**PROBLEM DESCRIPTION:** Every line of the data below should be repeated exactly, and no picture should be copied.

**DATA:**
■ ■ ■ ■ ■ ■ ■

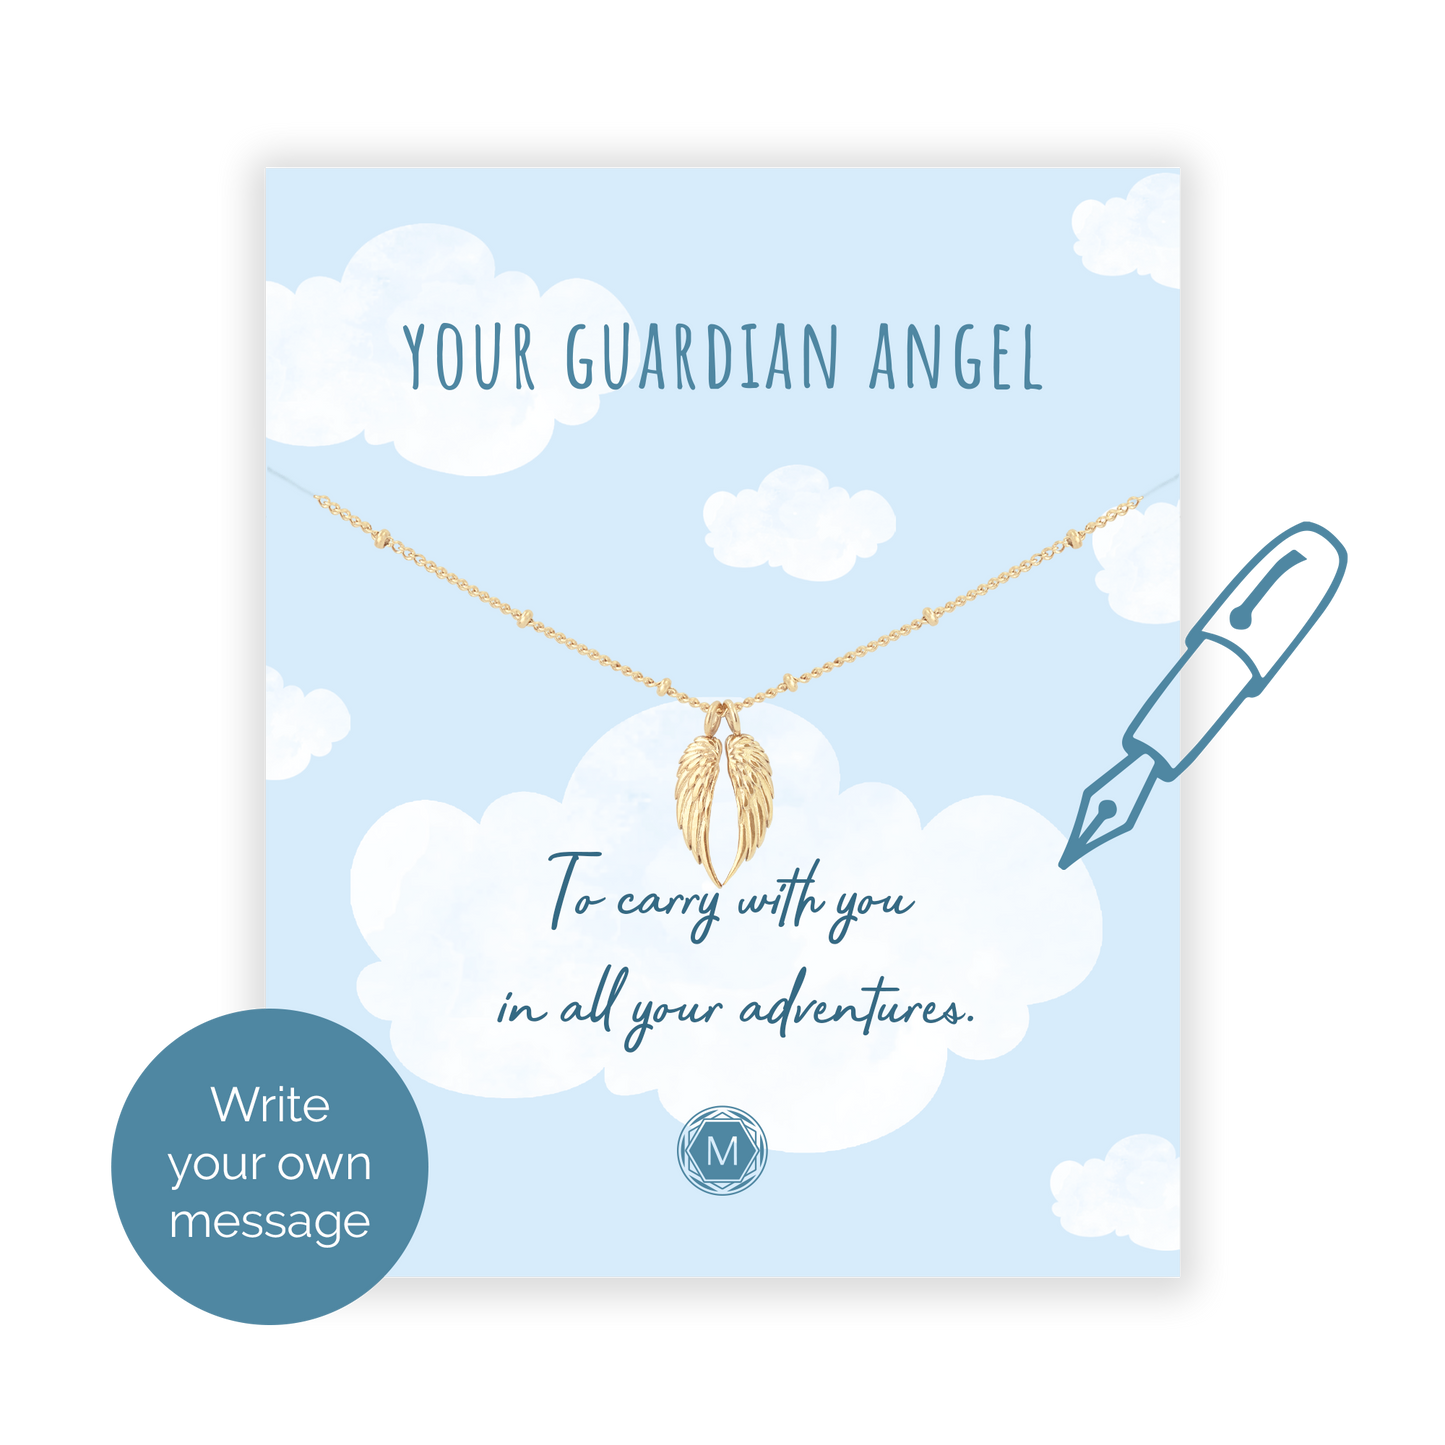 YOUR GUARDIAN ANGEL Armband
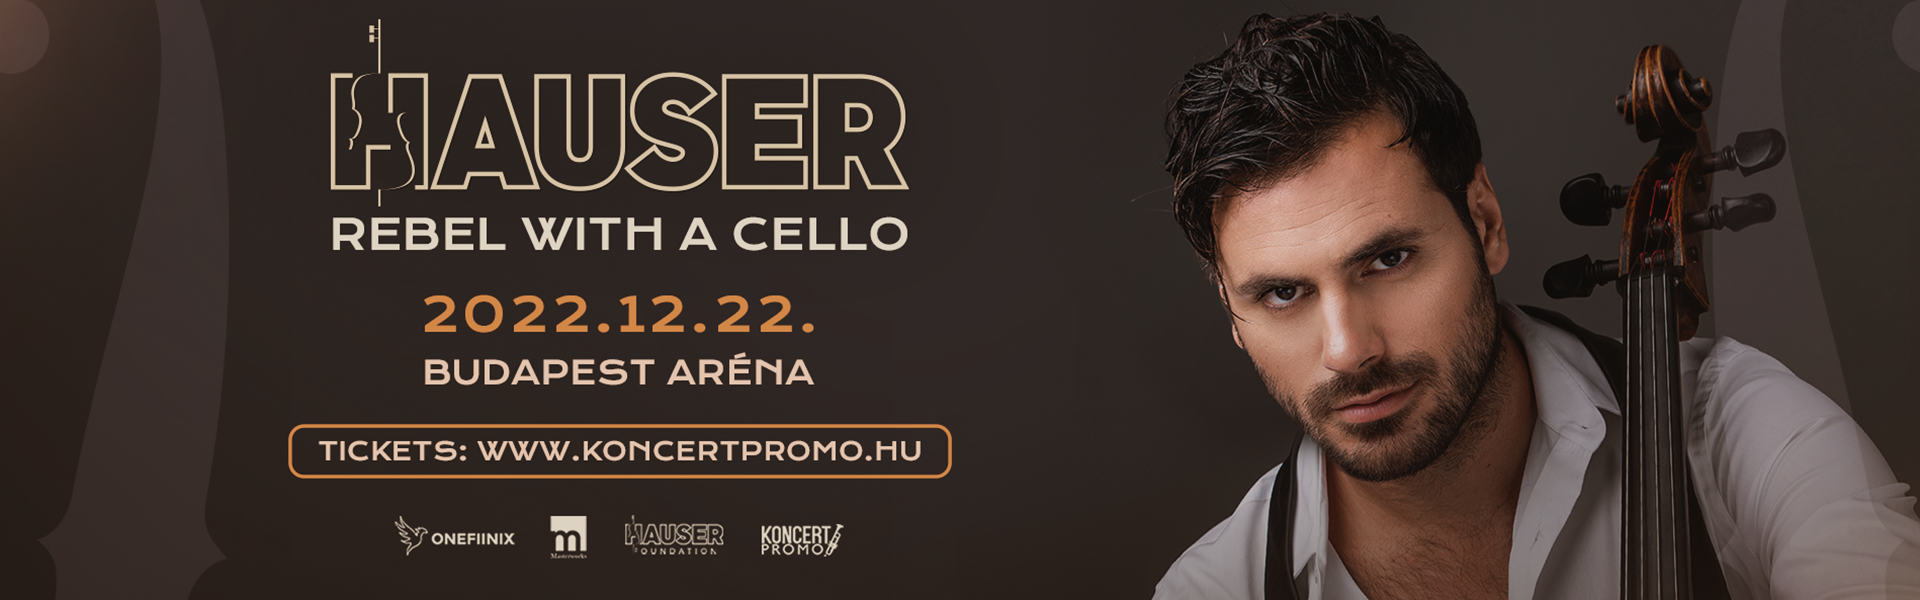 Hauser: “Rebel With A Cello”, Budapest Aréna, 22 December
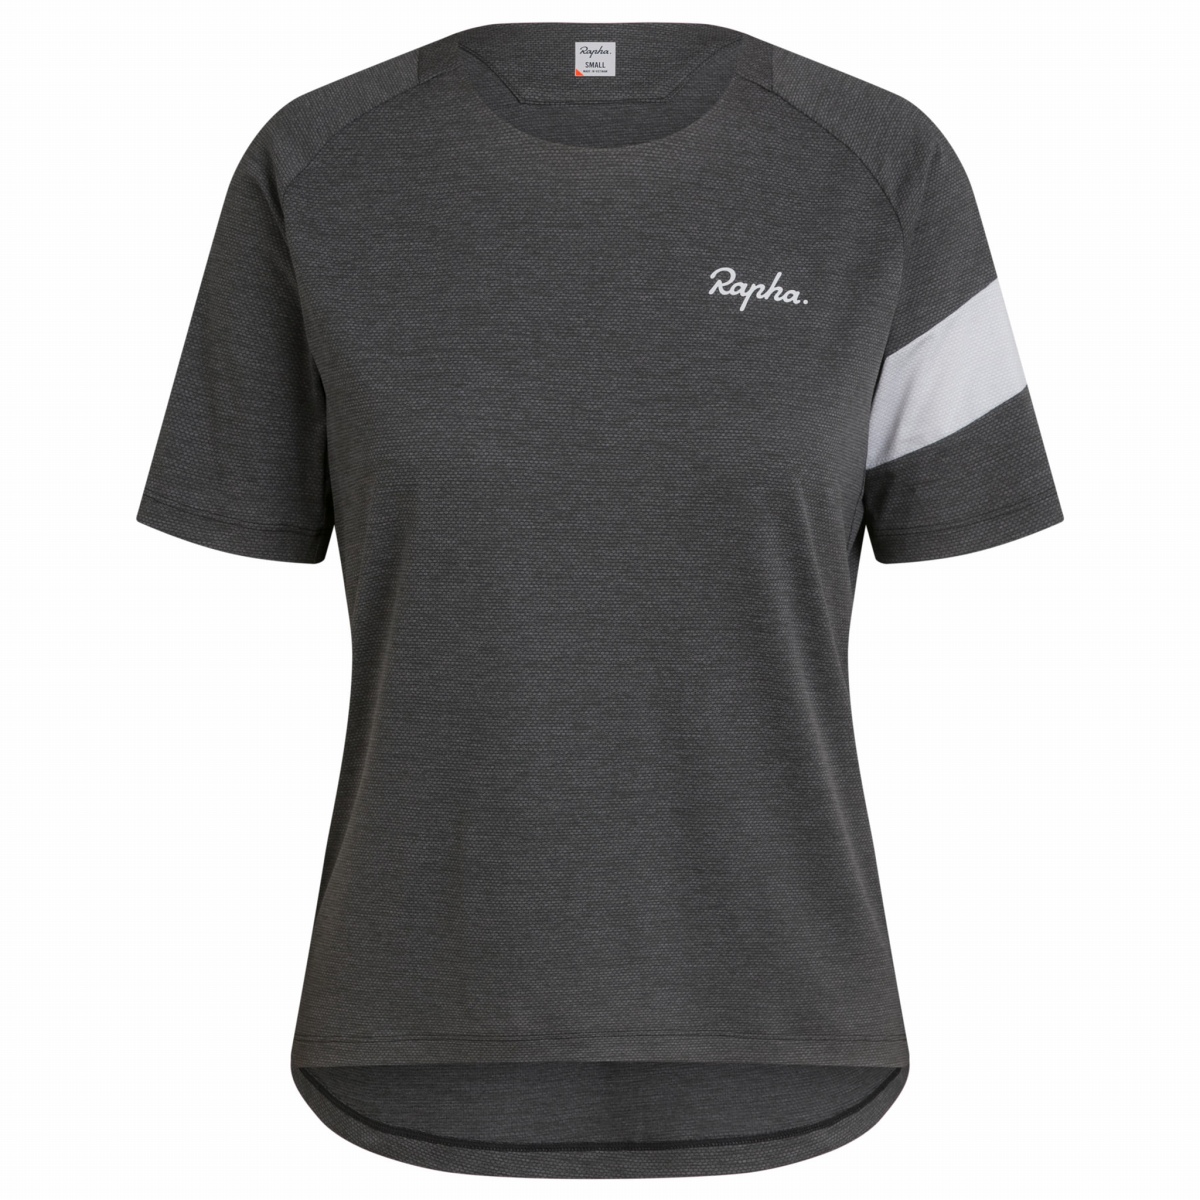 Rapha Women's Trail Technical T-Shirt（Dark Grey / Light Grey）
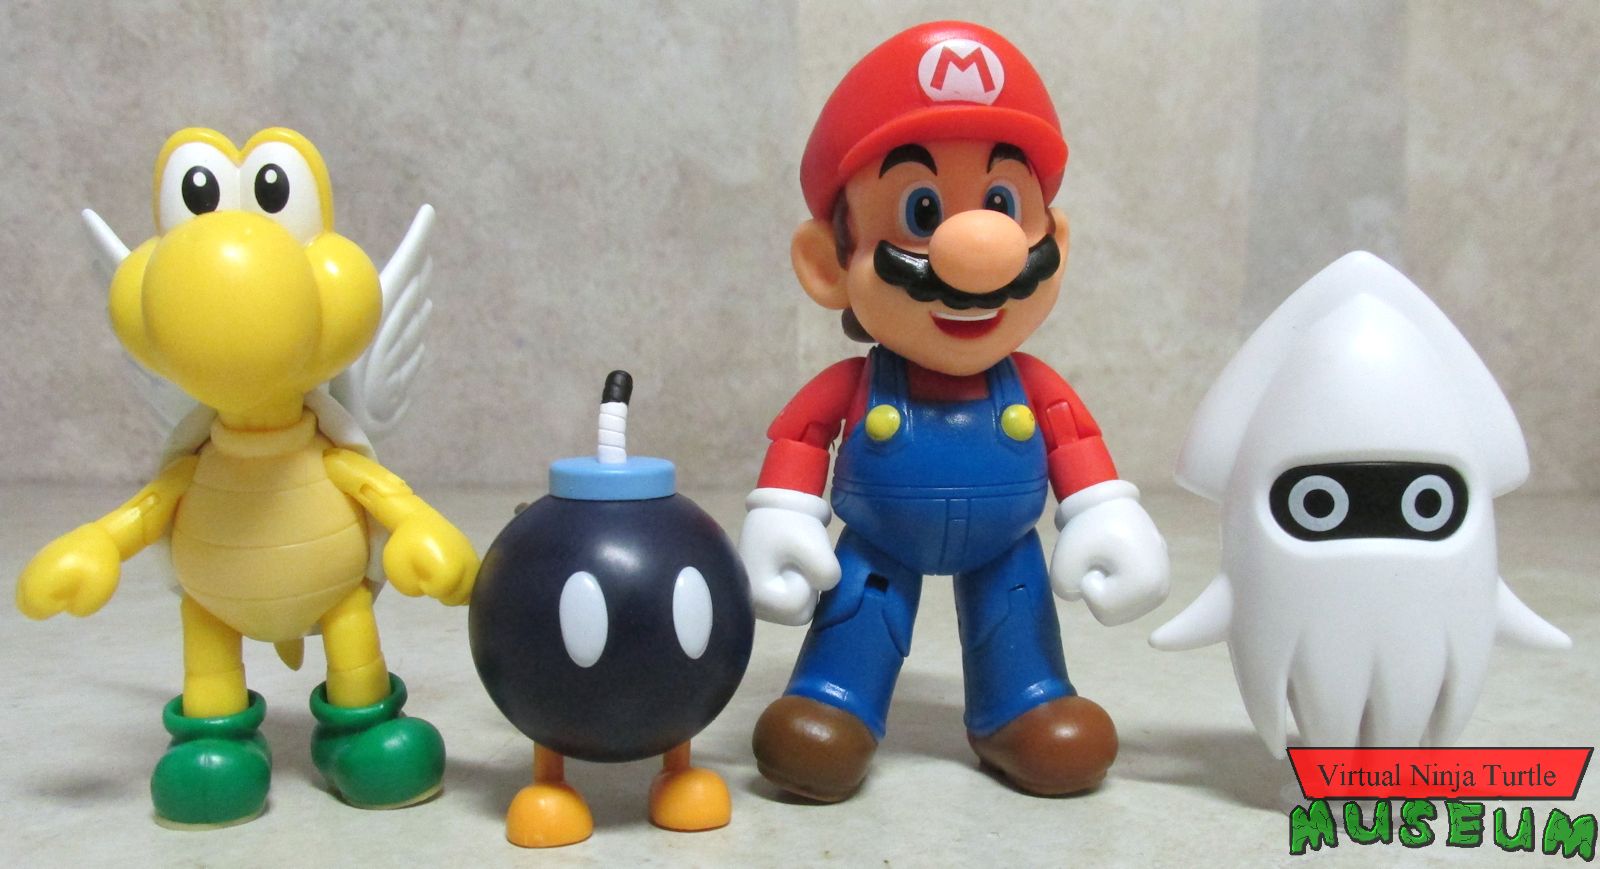 Mario and new enemies

■ ■ ■ ■ ■ ■ ■

**TASK OUTPUT:**
 YOUR GUARDIAN ANGEL Armband
 Hauser: “Rebel With A Cello”, Budapest Aréna, 22 December
 Rapha Women's Trail Technical T-Shirt（Dark Grey / Light Grey）
 Mario and new enemies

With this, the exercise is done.